High Energy Statistics

Before I begin apparently this word has become a piece of high energy physics jargon. However its usage has become so ingrained in everything I do. High statistics = lots of events, low statistics = not many data points. It has got to the point where I am not even sure that this is not common usage of the term. But there it is.

Several months ago I listened to a RI discussion on some issue in botany as a podcast whilst out running. A member of the audience asked an uneducated question to which I found myself rattling off a standard particle physics response. The subject matter was of a statistical nature. In science \(X\) rarely happens because of \(Y\), instead we have evidence for \(X\) in some sample \(Y\). It prompted a long think of the similarities between particle physics and botany.

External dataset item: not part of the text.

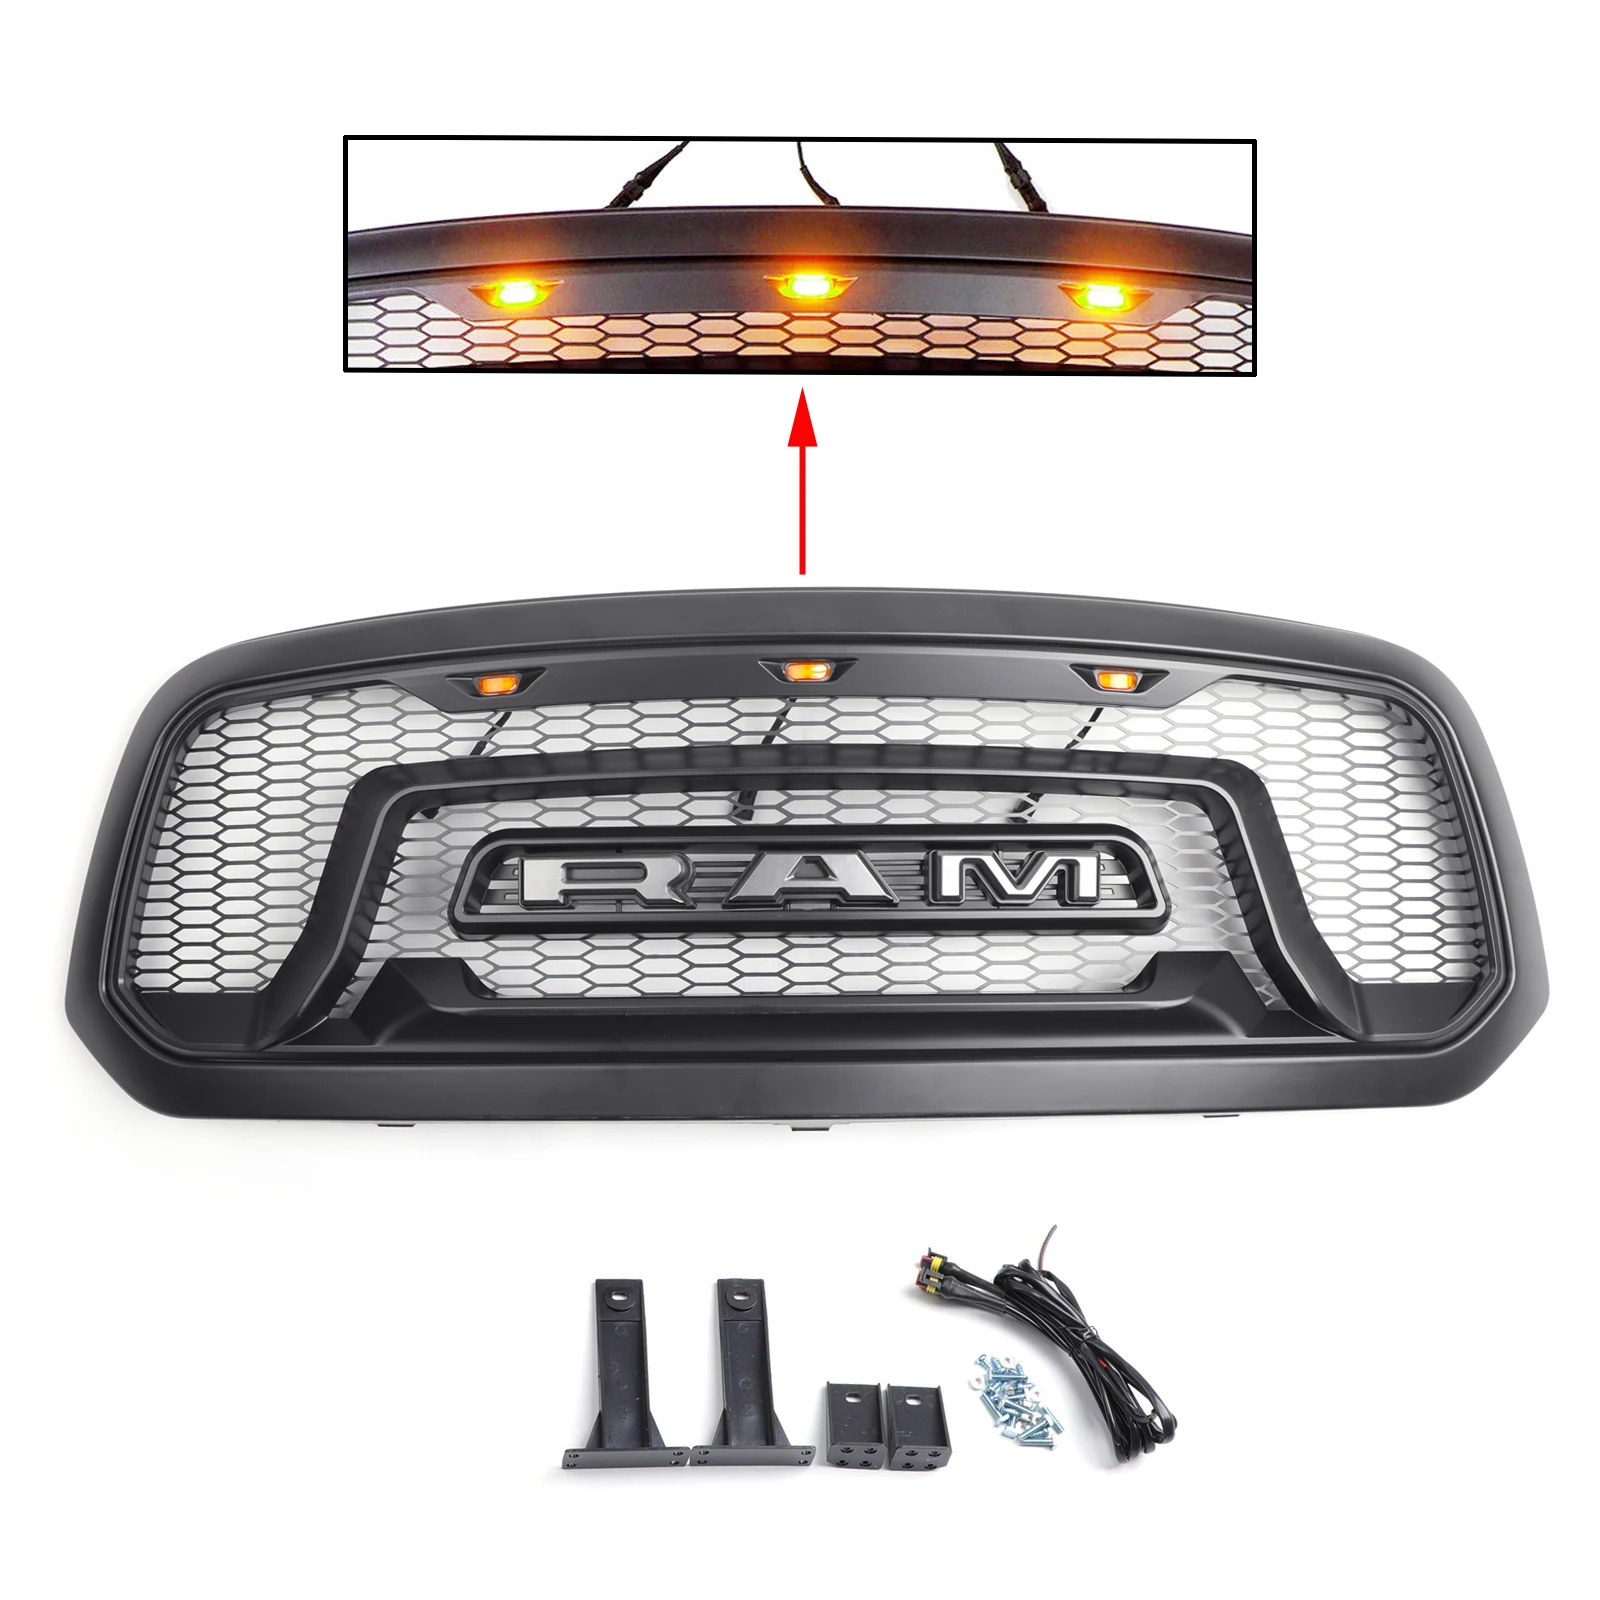 

Front Bumper Hood Grille For Dodge Ram 1500 2013 2014 2015 2016 2017 2018 Car Grille With LED Light With Logo Letter

The First Modern Statistician.

After a brief stint teaching, Ronald Aylmer Fisher turned down Karl Pearson, the worlds foremost expert on statistical theory, and a position at University College London, to instead move to work for at the Rothamsted Experimental Station. Here he could look at a wealth of agricultural data that had been accumulated over 80 years. It was during his time here that he developed what became the foundations of modern statistical theory, in the invention of the analysis of variance (ANOVA), error functions of statistics and popularised modern usage of Maximum Likelihood Methods and p-values.

But why plants?

Randomness, is a part of nature. Randomness is just as crucial to evolutionary biology as sunlight or nutrients. Thus on trying to analyse why crops behaved this way or that, Fisher had to master randomness itself in order to arrive at the truth.

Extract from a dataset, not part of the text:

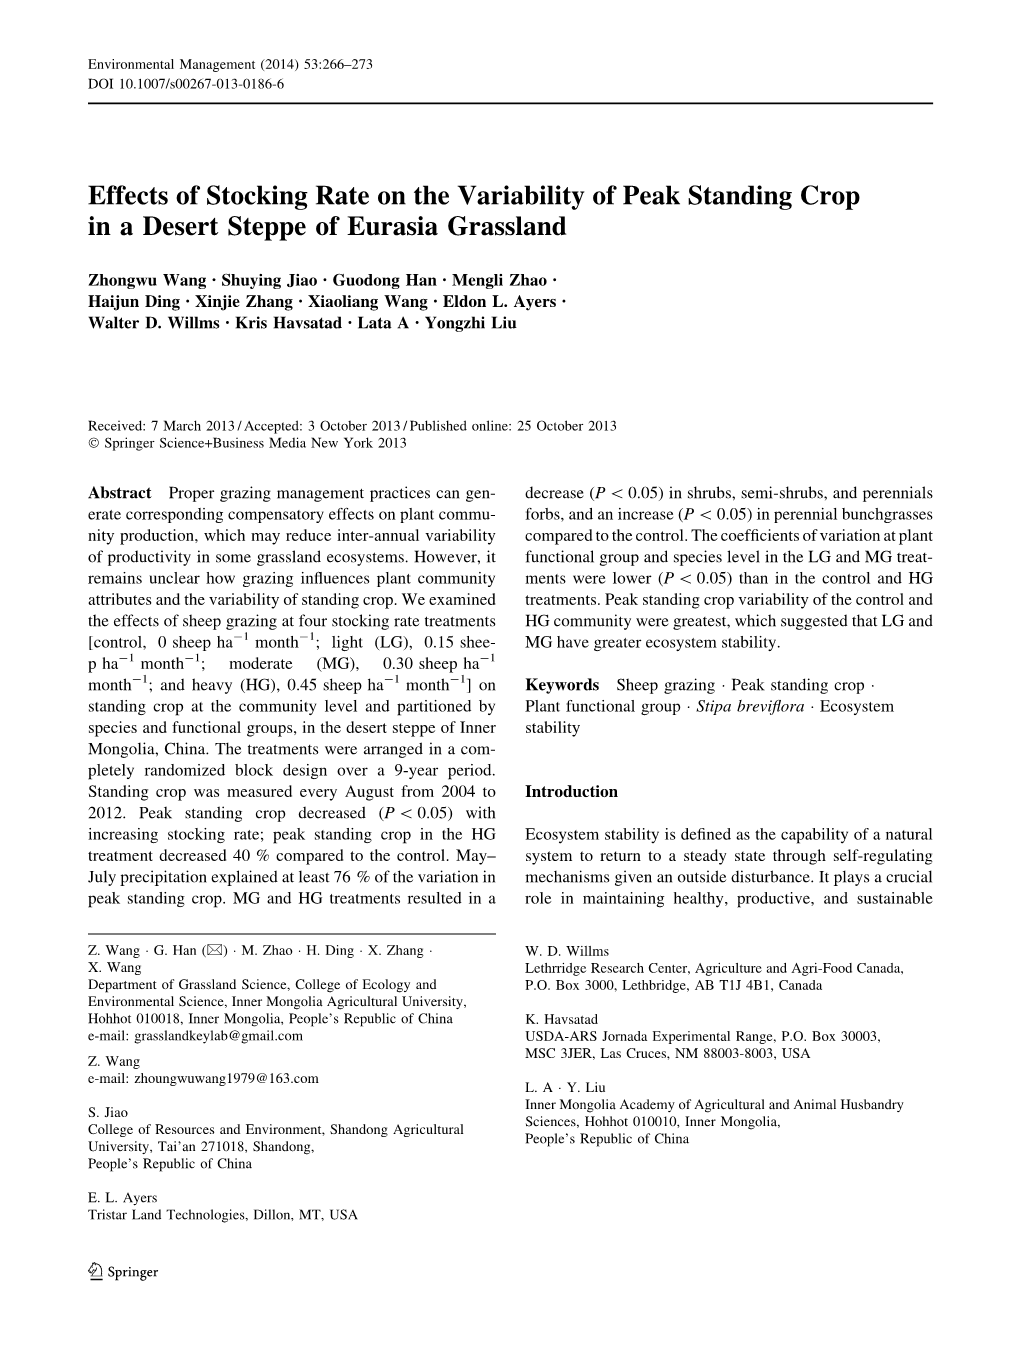 Effects of Stocking Rate on the Variability of Peak Standing Crop in a Desert Steppe of Eurasia Grassland

The wealth of data at Rothamsted allowed Fisher to forever change the way we assess the outcome of experiments. When randomness is involved high statistics is the only way to extract the truth

Scaling up to Particles

Particle physics has randomness built in. Randomness that Einstein famously rejected saying ‘God does not play dice!’ quantum weirdness is weird because probability plays a leading roll in in describing how particles live and die. Each of the primary experiments at the LHC produces more data the entire 80 year Rothamstead archive every single second. As such every analyst is trained to see the quantity of data received as statistics. The Higgs boson isn’t a lump of rock that we poke with sticks and write down how it wiggles. The plots and distributions are literally manifestations of how the Higgs looks and behaves.
It’s a Higgle!

Bigger Stats = Bigger Data

Hence the need for the world wide web and now the grid. Why physics departments around the world are investing billions into high energy physics oriented data centres. Just like the randomness in biology that sparked a revolution in evolutionary genetics, quantum weirdness in particle physics is pushing for faster analyses, of denser information, of quantities of data never before seen on experimental scales. Our models can involve hundreds or even tens of thousands of parameters, and the billions of measurements split over several measurements and statistics is at the heart of it all.